Top of Data

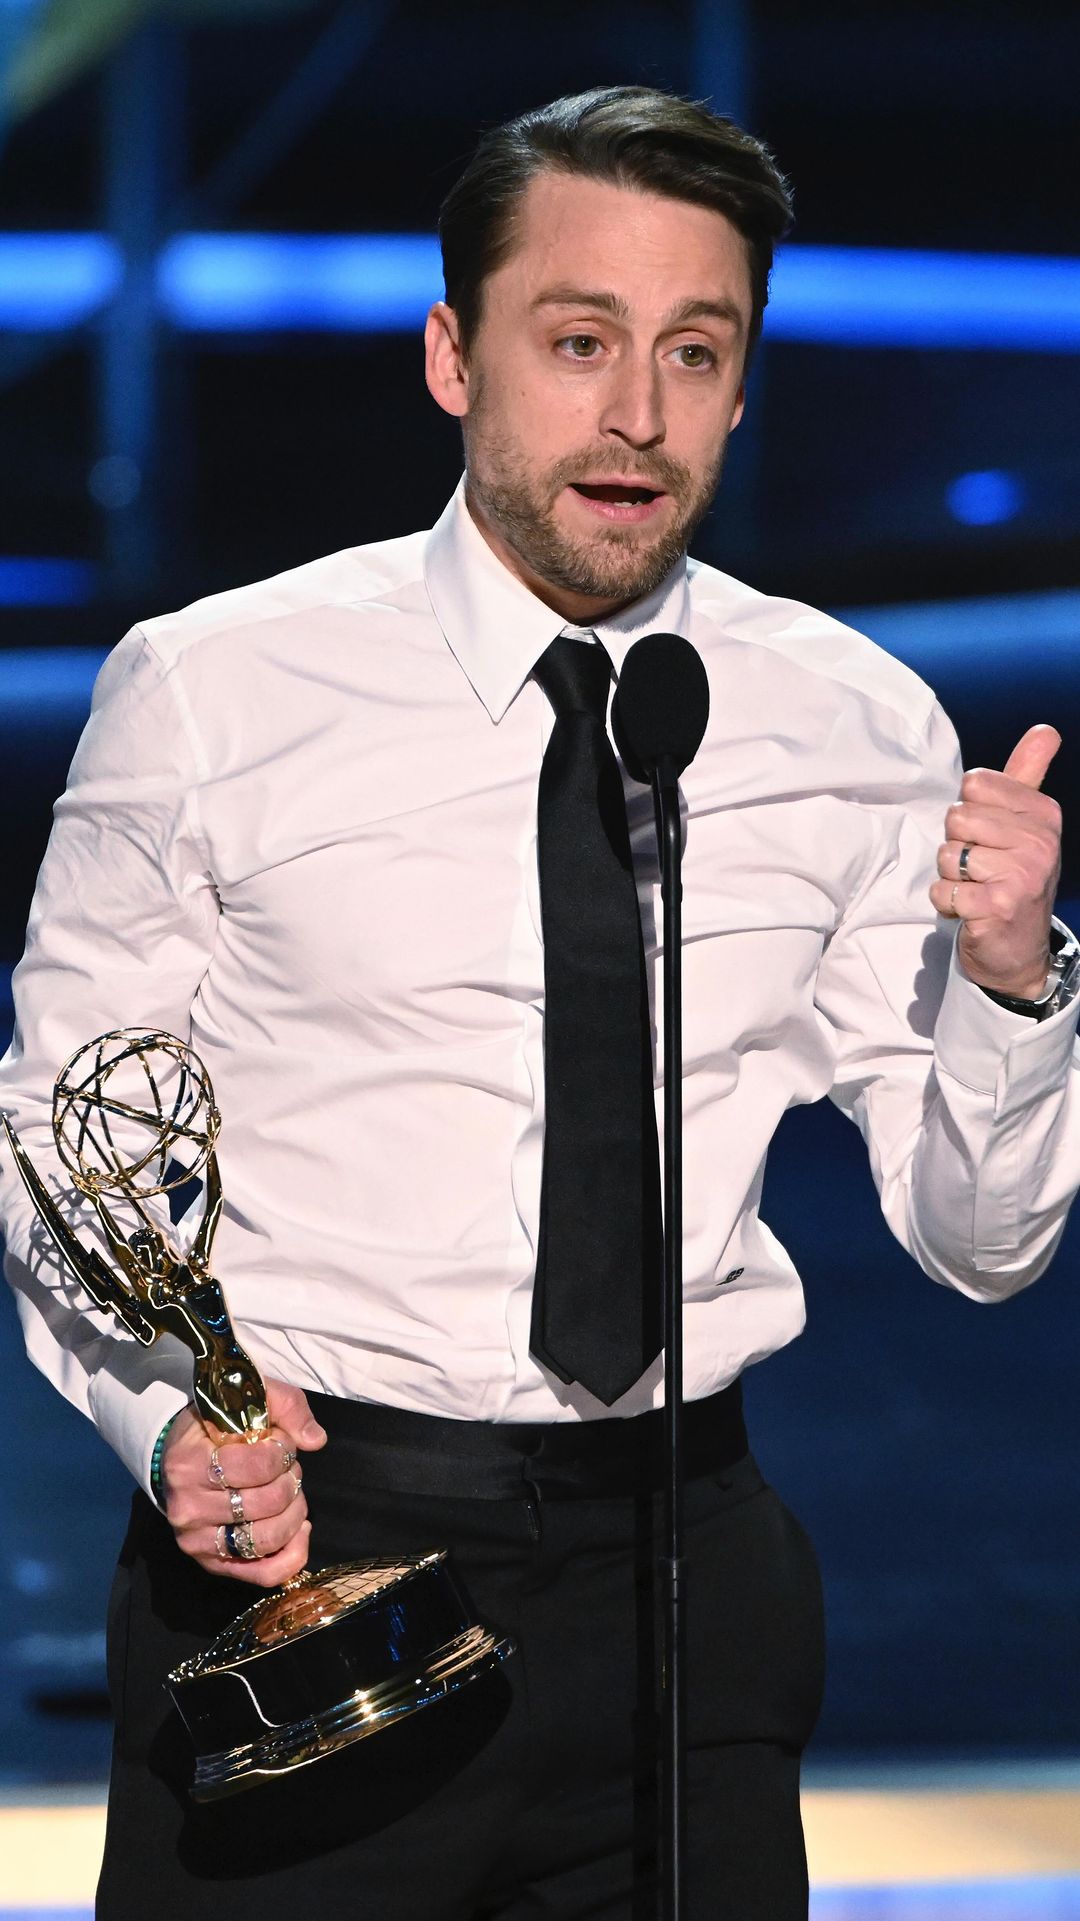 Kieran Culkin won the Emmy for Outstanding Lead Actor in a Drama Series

Bottom of Data
Top of Data

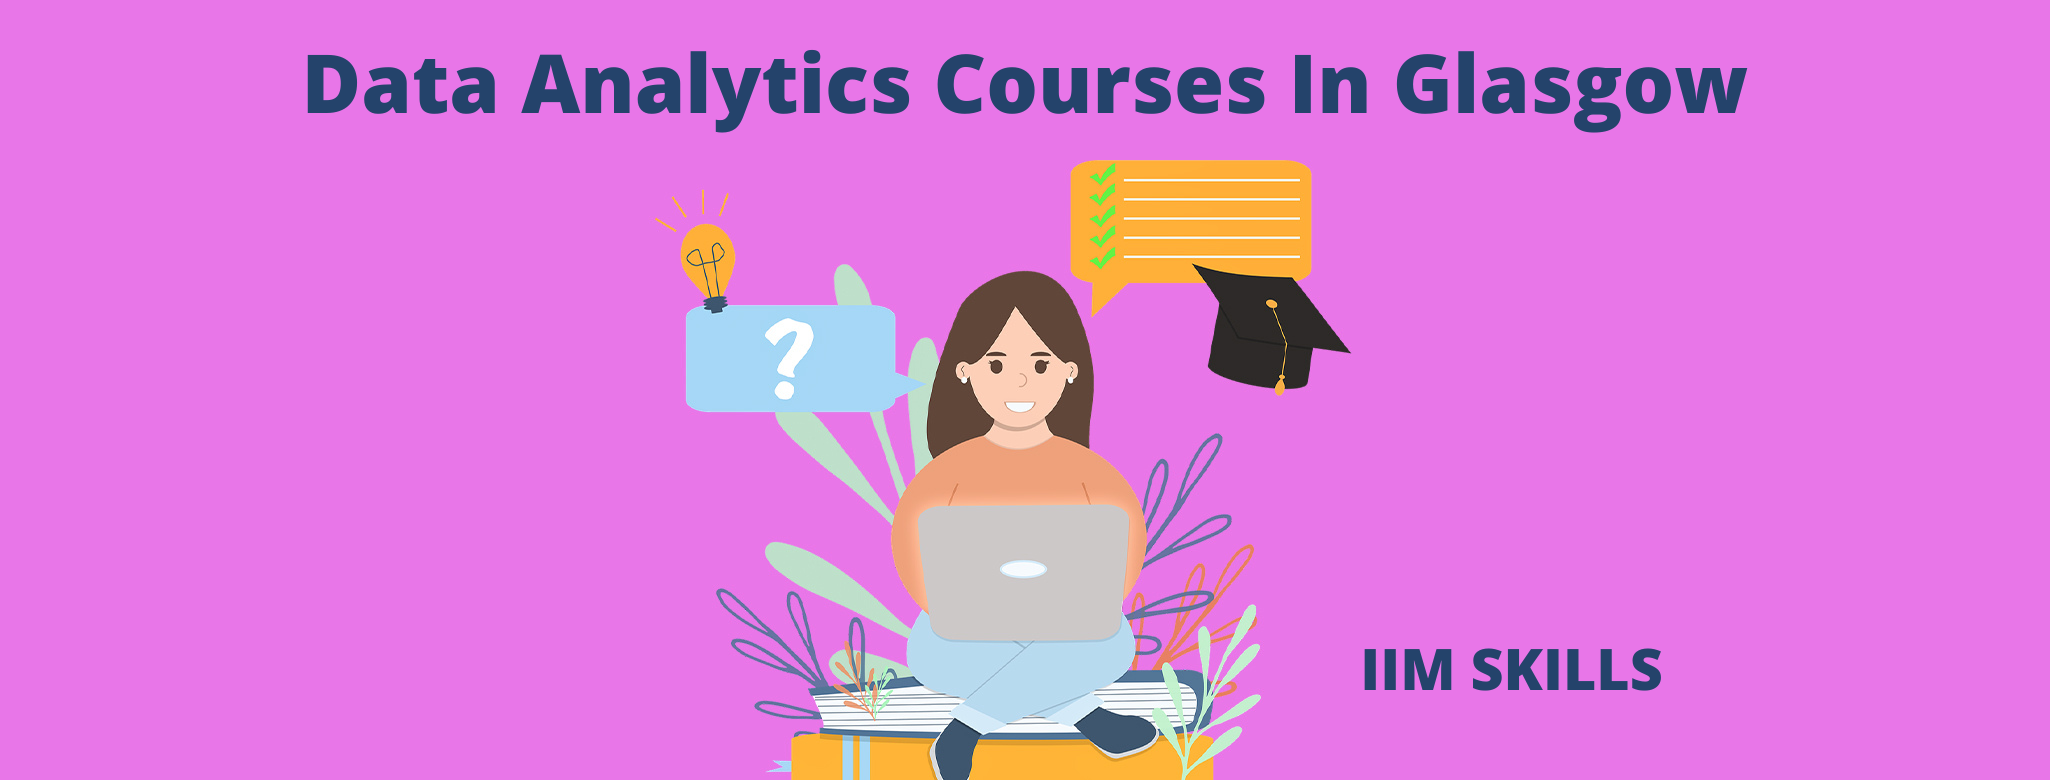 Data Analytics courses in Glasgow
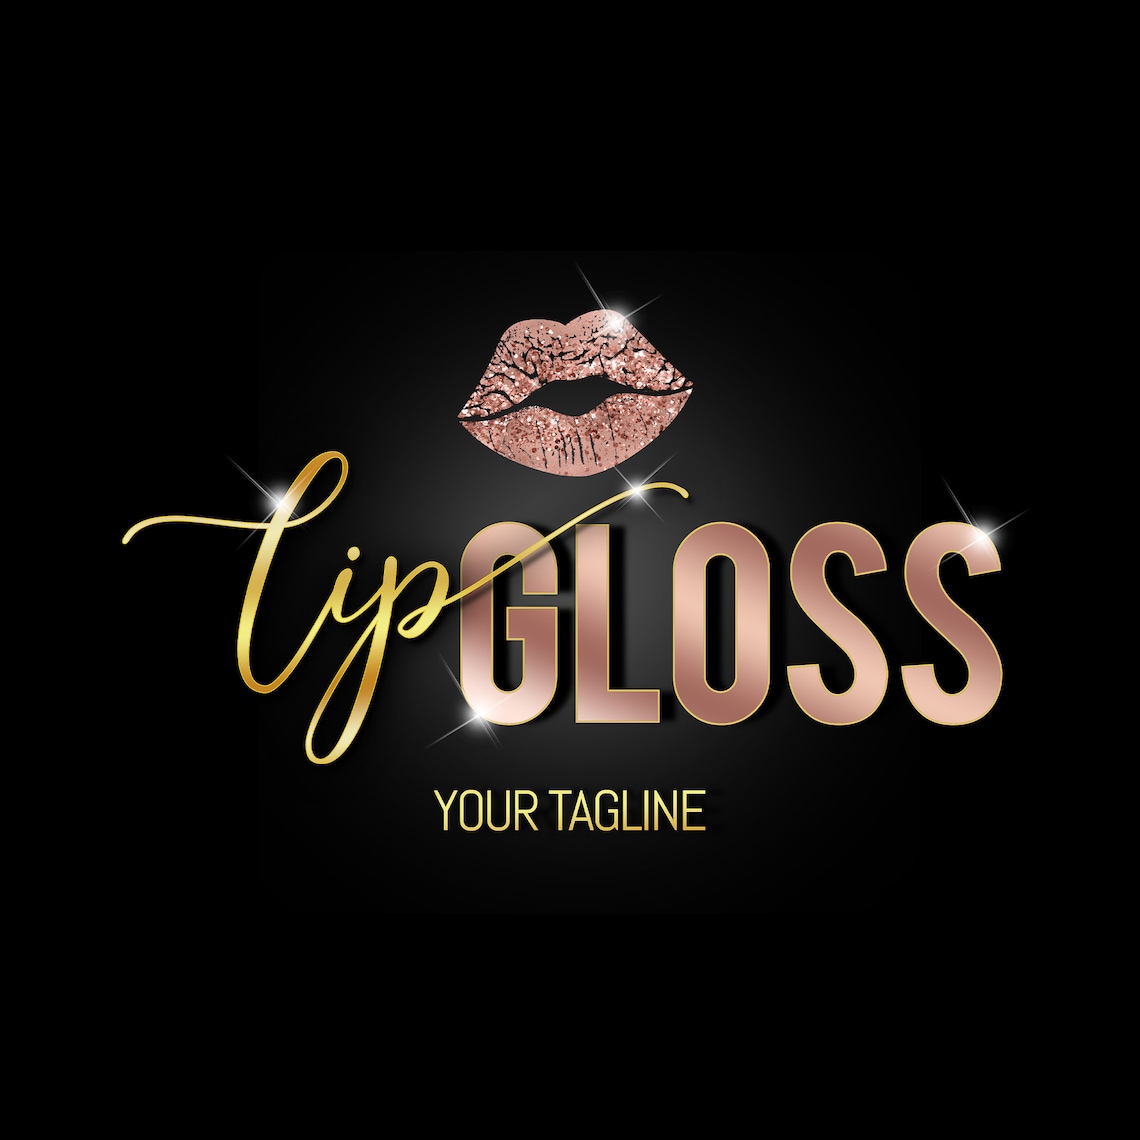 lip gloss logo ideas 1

Bottom of Data

• Work to complete:
Nothing but the lines above, starting at the line that contains "Data Analytics courses in Glasgow" and ending at the line that contains "lip gloss logo ideas 1", should be given again, exactly and without the pictures.

• Answer box:
 Data Analytics courses in Glasgow
 lip gloss logo ideas 1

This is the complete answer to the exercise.